The one element that stops a lot of people facing their problem is what Mr Prior describes as ''the denial process''. "They think, because they are a success in their business or because they can stop for work days or 'take a break from it' for a few weeks, that they don't have a problem. But they can't stay off it. And when they do drink again, the question they have to ask themselves is 'do I have control over the amount I drink? or do I often drink more than I intended to?"

Geraldine Moane is a psychologist with more than 30 years' experience. She also has over 20 years' experience in the area of alcohol, in particular, in relation to postcolonial psychology and the Irish psyche. She says: "It's important to remember there is often a tendency to feel that there is something wrong with women and that's why they are behaving in a certain way, somehow that it's a woman's fault that this is happening.

"And it's important not to view the reasons for this increase like that."

She explains: "Women did not drink to the same levels as men in the past, because they were prevented by cultural attitudes. There was a double standard around women's and men's drinking habits, just like there was a double standard around their sexuality, we judged them differently, and that is changing. So women are adhering more to cultural norms and that is to drink a lot."

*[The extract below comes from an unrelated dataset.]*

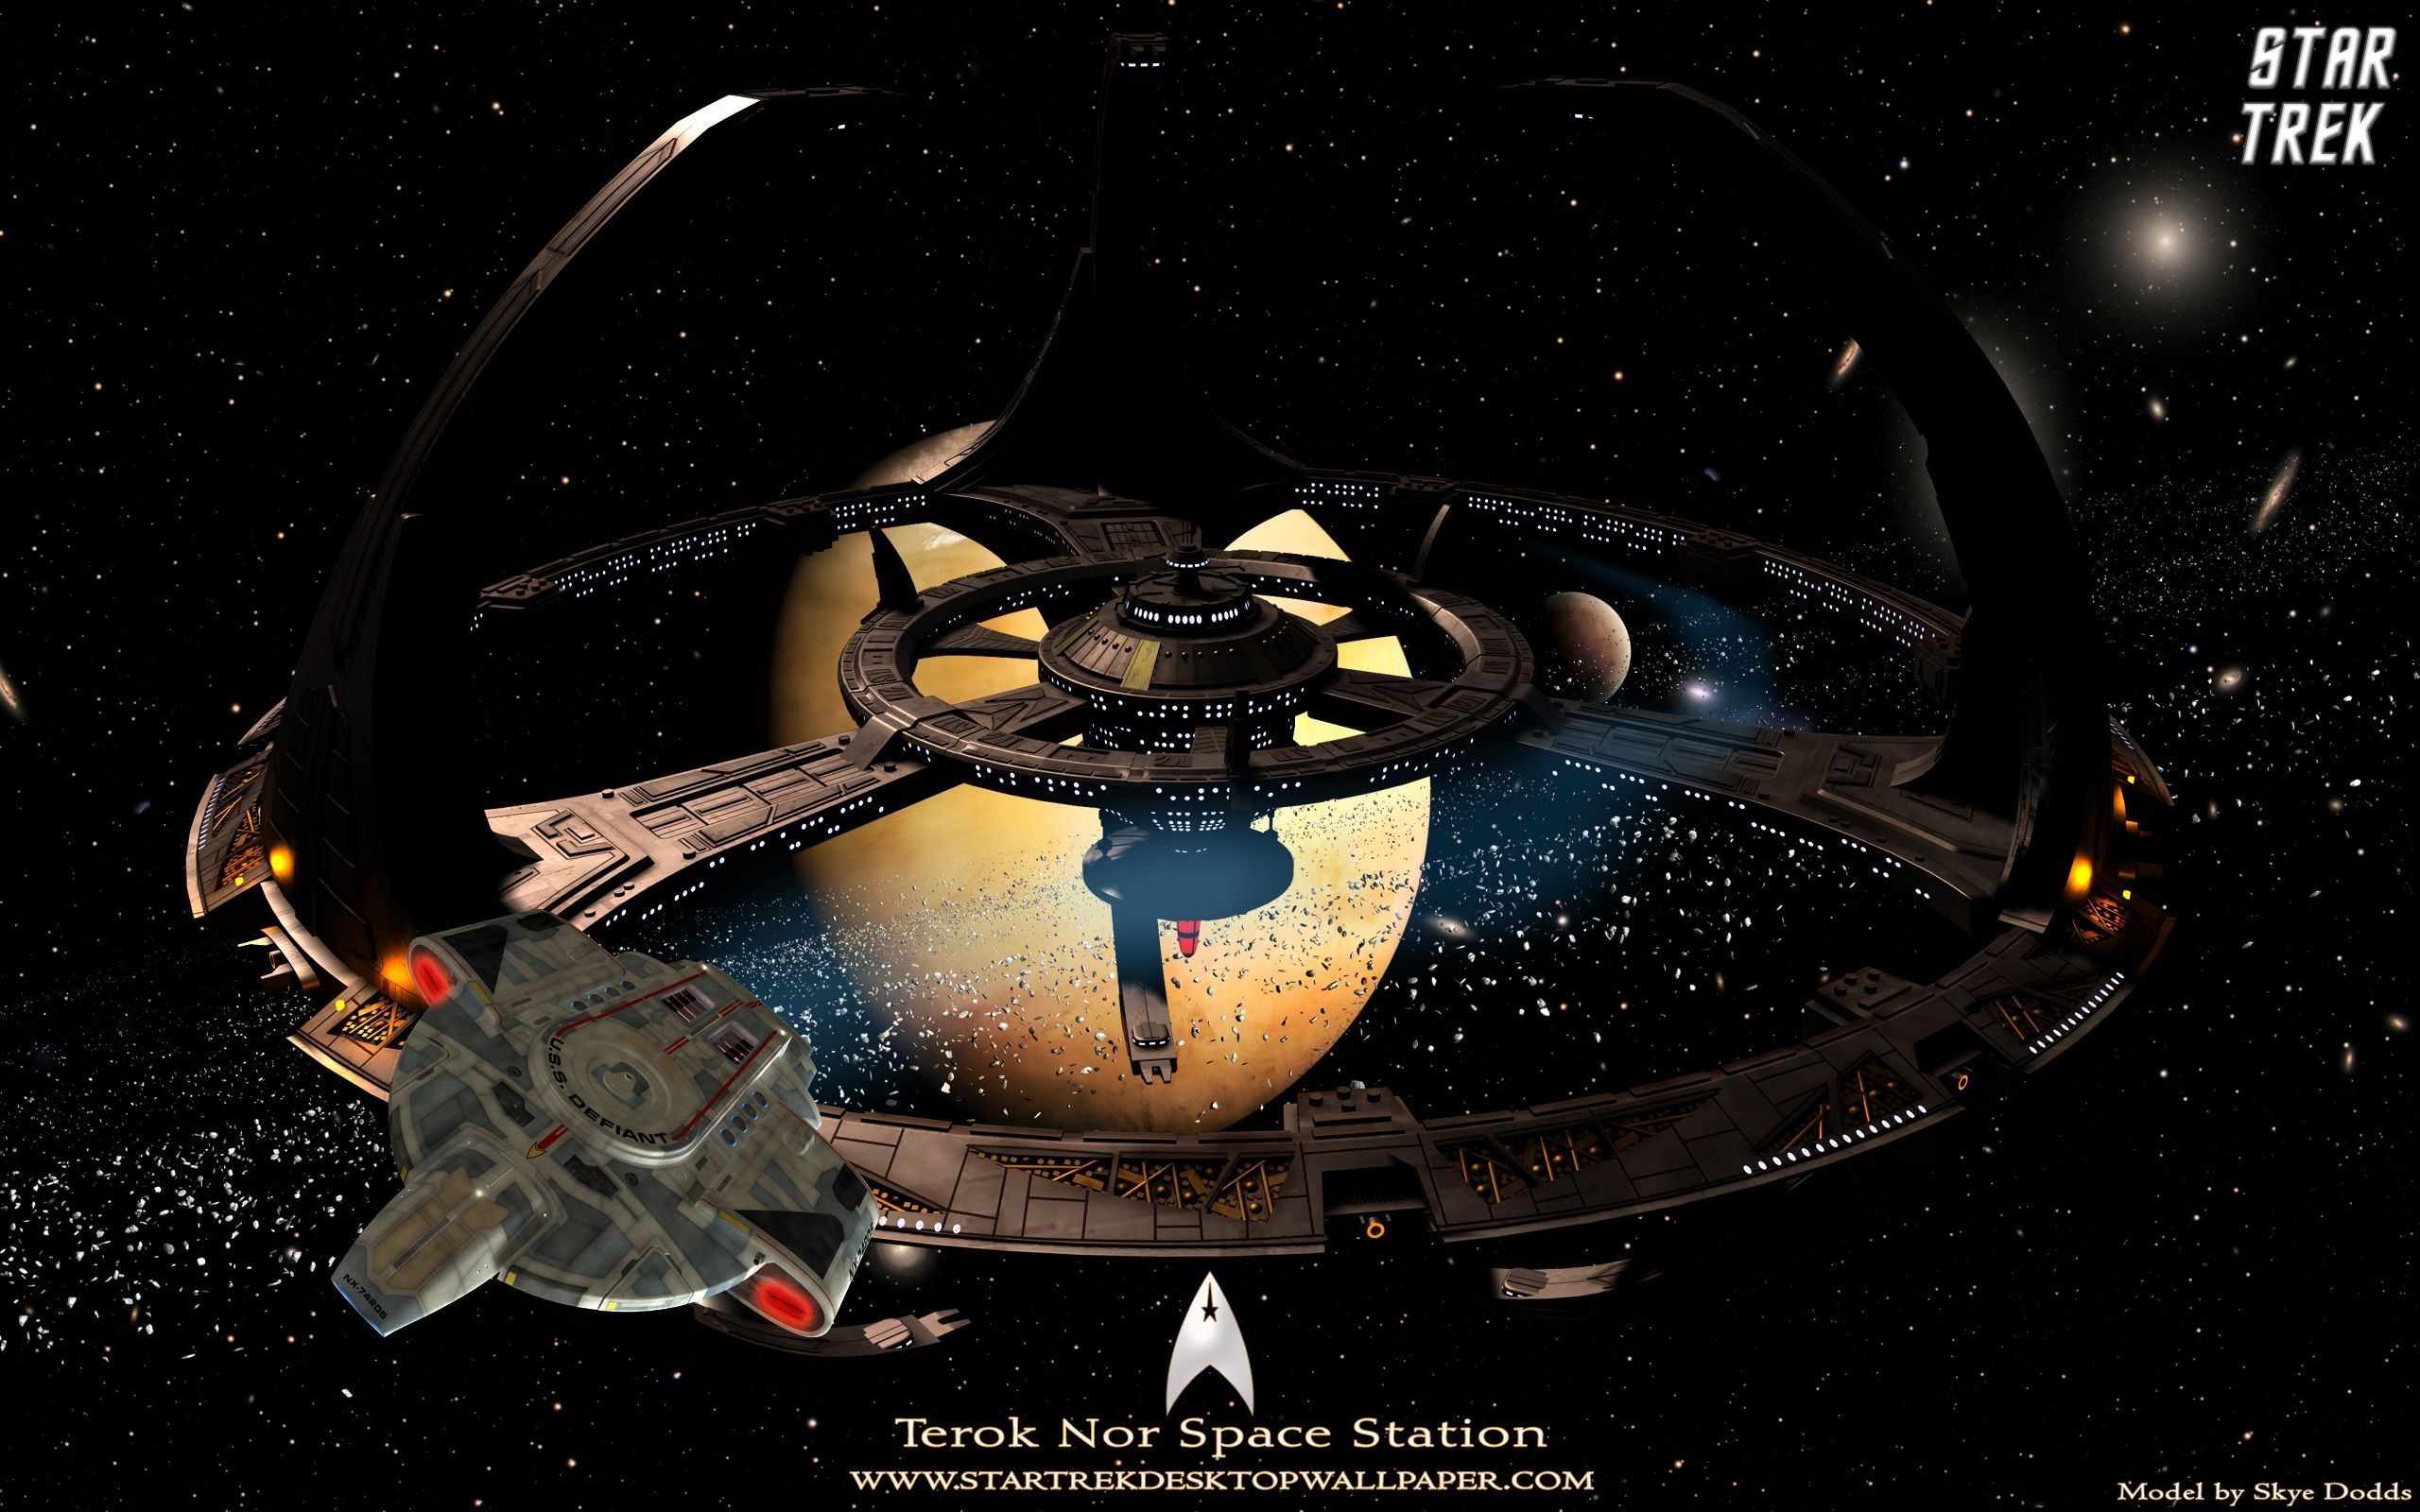 Star Trek Terok Nor Space Station Star Trek computer desktop wallpaper, picture, image. Star trek, Star trek ds Star trek ships

She echoes Mr Prior's assertion that ''social anxiety'' can play a part in women's propensity to drink large amounts of alcohol: "There are cultural norms around women to be nice and agreeable and good humoured and non-confrontational and fun and, when there is pressure to drink, it feeds that."

She adds: "That norm is very difficult for women. And drink makes it easier to perform in whatever way is expected of you.

"The other thing to remember is that women drinking at home is another cultural issue. Men will go to the pub midweek and that's not seen as problematic. But women are more likely to drink at home alone. That dynamic is hidden and more secretive, which means, when a dependency is created, it is more likely to take longer to spot. And they will be further down the road."